Es imposible decir con ningún grado de certeza lo que pudo suceder
con ambas tradiciones en el intervalo, aunque después de realizar
nuestra investigación creemos hallarnos en condiciones de aventurar
una conjetura. El «linaje» de la Magdalena continuó en el sur de
Francia, aunque cualquier documento que lo corroborase debió de
quedar destruido, seguramente, durante la devastación sistemática de
la cultura languedociana que acompañó a la cruzada contra los
albigenses. Pero los ecos de esa tradición han llegado hasta
nosotros, a tenor de las creencias cátaras sobre la relación entre
la Magdalena y Jesús y también por el opúsculo de influencia cátara
Schwester Katrei, algunas de cuyas ideas derivan claramente de los
textos de Nag Hammadi.
Es probable que la tradición sanjuanista sobreviviese
independientemente en Oriente Próximo gracias a los antepasados de
los mandeos y los nusayríes. Sea como fuere, sabemos que apareció en
Europa siglos más tarde. Pero ¿cómo llegó a Europa? ¿Quién supo
entender su valor y decidió mantener en secreto esas creencias? Una
vez más encontramos la respuesta en aquellos monjes-soldados cuyas
operaciones militares en el Próximo Oriente no fueron sino el
pretexto para una búsqueda orientada a la consecución del
conocimiento esotérico.
Los templarios llevaron a Europa la
tradición juanista para unirla con la de la Magdalena, con lo cual
completaban el sentido de los que durante algún tiempo debieron de
parecer misterios separados, el femenino y el masculino.
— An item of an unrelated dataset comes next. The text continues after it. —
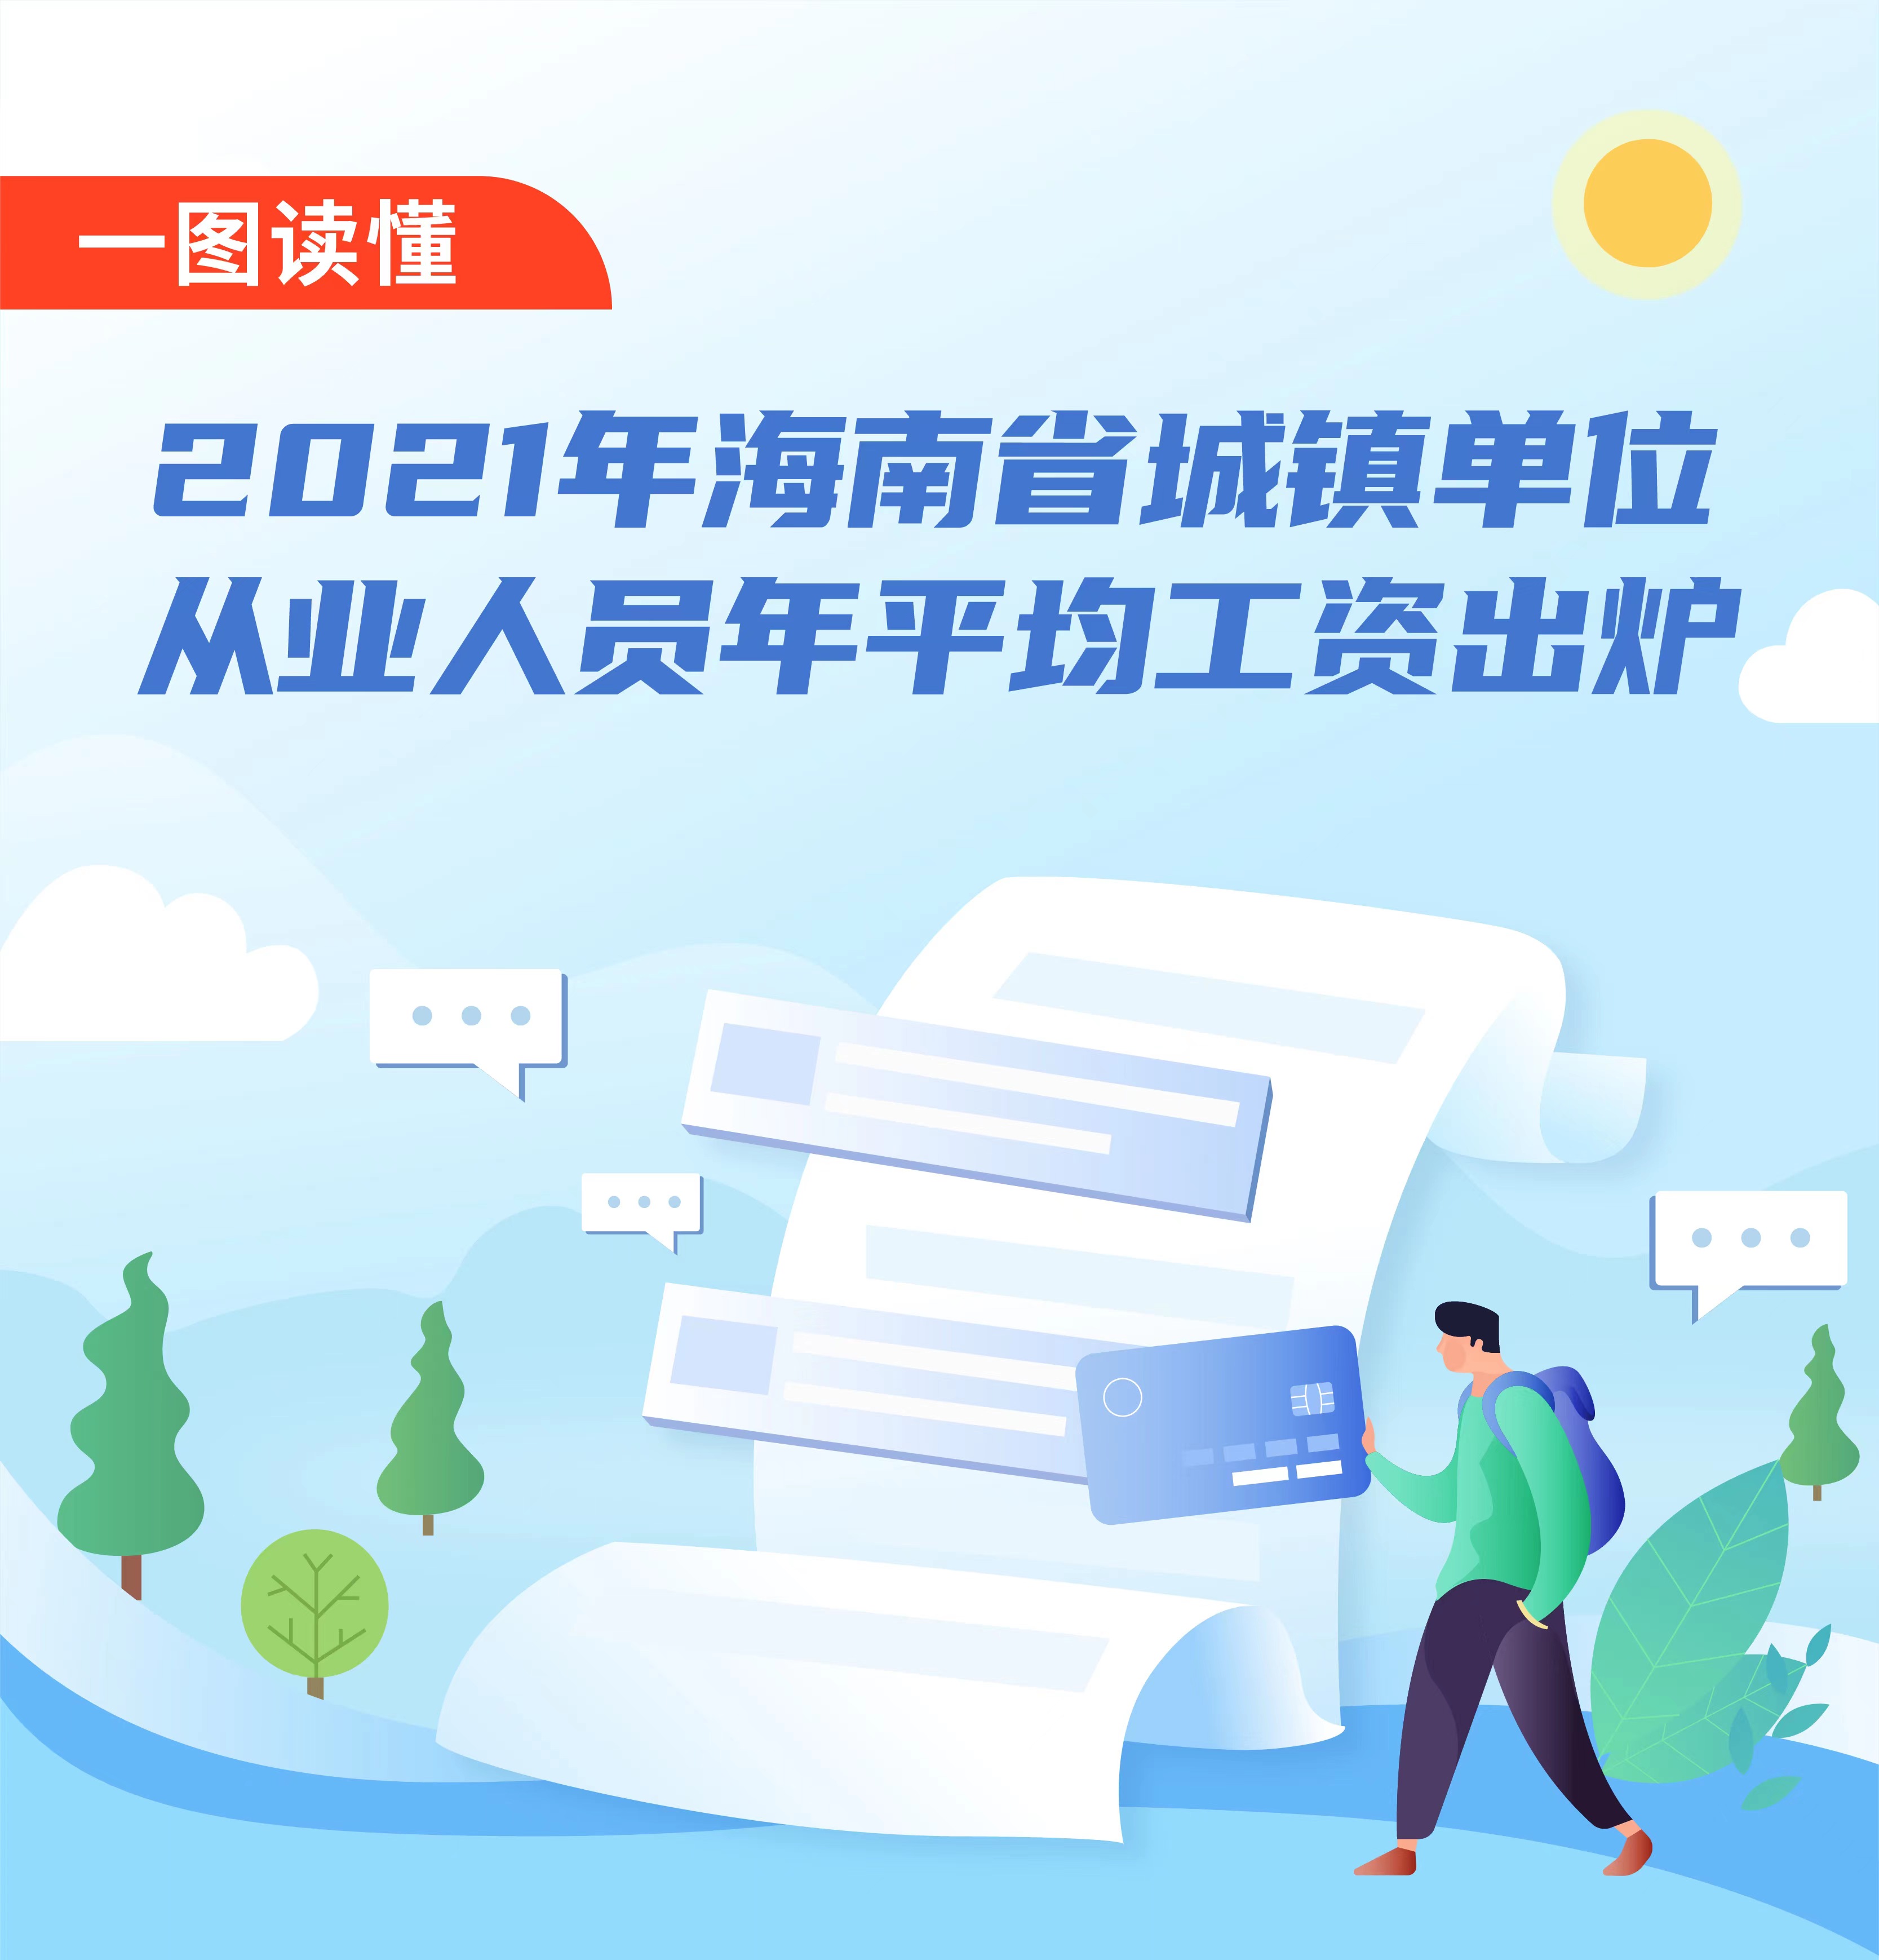 图解2021年海南省城镇单位从业人员年平均工资出炉

No
olvidemos que los nueve templarios fundadores eran oriundos de la
cultura languedociana, alma y corazón del culto a la Magdalena. Ni
que según la tradición ocultista aprendieron sus secretos «de los
sanjuanistas de Oriente».
En nuestra opinión, no es de creer que fuese coincidencia esta unión
de las dos tradiciones a cargo de los freires. Al fin y al cabo, la
meta principal de éstos fue buscar y utilizar los conocimientos más
arcanos. Hugo de Payens y sus ocho cofrades fueron a los Santos
Lugares con un designio, el de conquistar el poder que puede
conferir el conocimiento. Tal vez perseguían también un objeto de
gran valor, el cual no sería meramente monetario. Todo indica que
los templarios no salieron a buscar la tradición juanista como
ciegos que andan a tientas; sabían lo que buscaban, aunque hoy no
sea posible decir cómo llegaron a saberlo.
Evidentemente andaba en juego mucho más que unos vagos ideales
religiosos. Los templarios eran hombres de mentalidad eminentemente
práctica; les interesaba la adquisición del poder material y además,
se exponían al castigo inconcebiblemente horrible que la época
reservaba a los mantenedores de creencias ocultas. Pero repitámoslo
una vez más, esas creencias no eran sólo unas ideas espirituales que
alguien decidiese abrazar por la salvación de su alma. Se trataba de
secretos mágicos y alquímicos que, como poco, les habrían asegurado
una ventaja decisiva desde el punto de vista de lo que hoy
llamaríamos «la ciencia».
Ciertamente la superioridad de sus
conocimientos en materias tales como la geometría y la arquitectura
sacra halló su expresión en las catedrales góticas que hoy todavía
podemos contemplar como otros tantos libros de piedra donde
plasmaron los frutos de su excursión por los mundos de lo esotérico.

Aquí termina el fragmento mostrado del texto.